What to work on >> When you reach the records below, repeat each one exactly as written.

Extracted data entries >>
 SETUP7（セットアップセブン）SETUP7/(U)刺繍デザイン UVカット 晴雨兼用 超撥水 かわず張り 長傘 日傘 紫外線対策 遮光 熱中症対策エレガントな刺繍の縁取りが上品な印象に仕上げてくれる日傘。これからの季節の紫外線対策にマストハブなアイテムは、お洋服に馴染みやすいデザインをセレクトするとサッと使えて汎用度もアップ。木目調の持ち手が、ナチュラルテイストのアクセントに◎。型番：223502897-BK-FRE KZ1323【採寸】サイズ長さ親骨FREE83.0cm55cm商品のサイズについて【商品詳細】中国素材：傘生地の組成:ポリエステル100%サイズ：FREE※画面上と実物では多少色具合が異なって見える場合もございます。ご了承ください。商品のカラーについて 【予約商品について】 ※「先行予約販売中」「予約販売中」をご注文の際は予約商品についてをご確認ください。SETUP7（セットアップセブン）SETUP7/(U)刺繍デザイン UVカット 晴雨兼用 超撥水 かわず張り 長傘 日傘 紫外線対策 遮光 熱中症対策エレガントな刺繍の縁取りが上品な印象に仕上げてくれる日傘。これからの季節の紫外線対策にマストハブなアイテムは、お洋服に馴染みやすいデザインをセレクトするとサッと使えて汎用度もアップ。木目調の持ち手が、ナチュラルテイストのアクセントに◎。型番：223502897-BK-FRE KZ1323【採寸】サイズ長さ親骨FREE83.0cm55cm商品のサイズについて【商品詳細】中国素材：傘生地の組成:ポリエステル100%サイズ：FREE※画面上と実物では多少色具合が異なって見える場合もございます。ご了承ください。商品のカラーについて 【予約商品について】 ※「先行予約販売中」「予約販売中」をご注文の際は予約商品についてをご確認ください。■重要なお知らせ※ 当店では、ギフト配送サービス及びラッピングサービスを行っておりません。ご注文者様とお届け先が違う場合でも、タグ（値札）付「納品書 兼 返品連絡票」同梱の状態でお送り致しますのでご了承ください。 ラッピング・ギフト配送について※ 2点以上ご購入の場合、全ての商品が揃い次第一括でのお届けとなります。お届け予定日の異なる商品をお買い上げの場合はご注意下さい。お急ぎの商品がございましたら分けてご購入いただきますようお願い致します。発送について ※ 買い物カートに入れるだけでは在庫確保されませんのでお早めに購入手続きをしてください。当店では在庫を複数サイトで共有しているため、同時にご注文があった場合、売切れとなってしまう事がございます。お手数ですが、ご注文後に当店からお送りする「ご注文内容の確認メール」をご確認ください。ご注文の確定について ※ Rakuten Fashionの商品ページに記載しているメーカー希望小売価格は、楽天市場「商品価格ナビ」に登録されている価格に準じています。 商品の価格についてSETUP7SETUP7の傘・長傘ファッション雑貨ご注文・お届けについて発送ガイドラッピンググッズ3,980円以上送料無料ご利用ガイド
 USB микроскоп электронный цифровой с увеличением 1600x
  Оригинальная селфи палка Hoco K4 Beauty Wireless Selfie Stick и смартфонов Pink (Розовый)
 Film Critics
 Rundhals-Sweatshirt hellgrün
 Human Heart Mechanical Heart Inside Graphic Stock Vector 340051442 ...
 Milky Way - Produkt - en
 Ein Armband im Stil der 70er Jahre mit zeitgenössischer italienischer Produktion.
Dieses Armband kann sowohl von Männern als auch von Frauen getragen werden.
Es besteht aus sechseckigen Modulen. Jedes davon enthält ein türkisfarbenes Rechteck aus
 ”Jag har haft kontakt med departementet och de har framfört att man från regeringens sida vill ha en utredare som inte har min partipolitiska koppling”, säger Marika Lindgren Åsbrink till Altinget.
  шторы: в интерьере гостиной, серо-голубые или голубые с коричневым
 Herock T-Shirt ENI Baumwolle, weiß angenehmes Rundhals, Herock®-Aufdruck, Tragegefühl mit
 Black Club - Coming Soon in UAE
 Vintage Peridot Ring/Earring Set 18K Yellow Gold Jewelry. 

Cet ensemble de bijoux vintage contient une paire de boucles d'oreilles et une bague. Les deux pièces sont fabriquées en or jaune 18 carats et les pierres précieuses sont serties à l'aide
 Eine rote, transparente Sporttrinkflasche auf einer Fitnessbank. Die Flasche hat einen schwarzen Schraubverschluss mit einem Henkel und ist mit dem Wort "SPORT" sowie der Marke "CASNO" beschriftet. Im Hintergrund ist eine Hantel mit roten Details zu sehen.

Finished task >>
 SETUP7（セットアップセブン）SETUP7/(U)刺繍デザイン UVカット 晴雨兼用 超撥水 かわず張り 長傘 日傘 紫外線対策 遮光 熱中症対策エレガントな刺繍の縁取りが上品な印象に仕上げてくれる日傘。これからの季節の紫外線対策にマストハブなアイテムは、お洋服に馴染みやすいデザインをセレクトするとサッと使えて汎用度もアップ。木目調の持ち手が、ナチュラルテイストのアクセントに◎。型番：223502897-BK-FRE KZ1323【採寸】サイズ長さ親骨FREE83.0cm55cm商品のサイズについて【商品詳細】中国素材：傘生地の組成:ポリエステル100%サイズ：FREE※画面上と実物では多少色具合が異なって見える場合もございます。ご了承ください。商品のカラーについて 【予約商品について】 ※「先行予約販売中」「予約販売中」をご注文の際は予約商品についてをご確認ください。SETUP7（セットアップセブン）SETUP7/(U)刺繍デザイン UVカット 晴雨兼用 超撥水 かわず張り 長傘 日傘 紫外線対策 遮光 熱中症対策エレガントな刺繍の縁取りが上品な印象に仕上げてくれる日傘。これからの季節の紫外線対策にマストハブなアイテムは、お洋服に馴染みやすいデザインをセレクトするとサッと使えて汎用度もアップ。木目調の持ち手が、ナチュラルテイストのアクセントに◎。型番：223502897-BK-FRE KZ1323【採寸】サイズ長さ親骨FREE83.0cm55cm商品のサイズについて【商品詳細】中国素材：傘生地の組成:ポリエステル100%サイズ：FREE※画面上と実物では多少色具合が異なって見える場合もございます。ご了承ください。商品のカラーについて 【予約商品について】 ※「先行予約販売中」「予約販売中」をご注文の際は予約商品についてをご確認ください。■重要なお知らせ※ 当店では、ギフト配送サービス及びラッピングサービスを行っておりません。ご注文者様とお届け先が違う場合でも、タグ（値札）付「納品書 兼 返品連絡票」同梱の状態でお送り致しますのでご了承ください。 ラッピング・ギフト配送について※ 2点以上ご購入の場合、全ての商品が揃い次第一括でのお届けとなります。お届け予定日の異なる商品をお買い上げの場合はご注意下さい。お急ぎの商品がございましたら分けてご購入いただきますようお願い致します。発送について ※ 買い物カートに入れるだけでは在庫確保されませんのでお早めに購入手続きをしてください。当店では在庫を複数サイトで共有しているため、同時にご注文があった場合、売切れとなってしまう事がございます。お手数ですが、ご注文後に当店からお送りする「ご注文内容の確認メール」をご確認ください。ご注文の確定について ※ Rakuten Fashionの商品ページに記載しているメーカー希望小売価格は、楽天市場「商品価格ナビ」に登録されている価格に準じています。 商品の価格についてSETUP7SETUP7の傘・長傘ファッション雑貨ご注文・お届けについて発送ガイドラッピンググッズ3,980円以上送料無料ご利用ガイド
 USB микроскоп электронный цифровой с увеличением 1600x
  Оригинальная селфи палка Hoco K4 Beauty Wireless Selfie Stick и смартфонов Pink (Розовый)
 Film Critics
 Rundhals-Sweatshirt hellgrün
 Human Heart Mechanical Heart Inside Graphic Stock Vector 340051442 ...
 Milky Way - Produkt - en
 Ein Armband im Stil der 70er Jahre mit zeitgenössischer italienischer Produktion.
Dieses Armband kann sowohl von Männern als auch von Frauen getragen werden.
Es besteht aus sechseckigen Modulen. Jedes davon enthält ein türkisfarbenes Rechteck aus
 ”Jag har haft kontakt med departementet och de har framfört att man från regeringens sida vill ha en utredare som inte har min partipolitiska koppling”, säger Marika Lindgren Åsbrink till Altinget.
  шторы: в интерьере гостиной, серо-голубые или голубые с коричневым
 Herock T-Shirt ENI Baumwolle, weiß angenehmes Rundhals, Herock®-Aufdruck, Tragegefühl mit
 Black Club - Coming Soon in UAE
 Vintage Peridot Ring/Earring Set 18K Yellow Gold Jewelry. 

Cet ensemble de bijoux vintage contient une paire de boucles d'oreilles et une bague. Les deux pièces sont fabriquées en or jaune 18 carats et les pierres précieuses sont serties à l'aide
 Eine rote, transparente Sporttrinkflasche auf einer Fitnessbank. Die Flasche hat einen schwarzen Schraubverschluss mit einem Henkel und ist mit dem Wort "SPORT" sowie der Marke "CASNO" beschriftet. Im Hintergrund ist eine Hantel mit roten Details zu sehen.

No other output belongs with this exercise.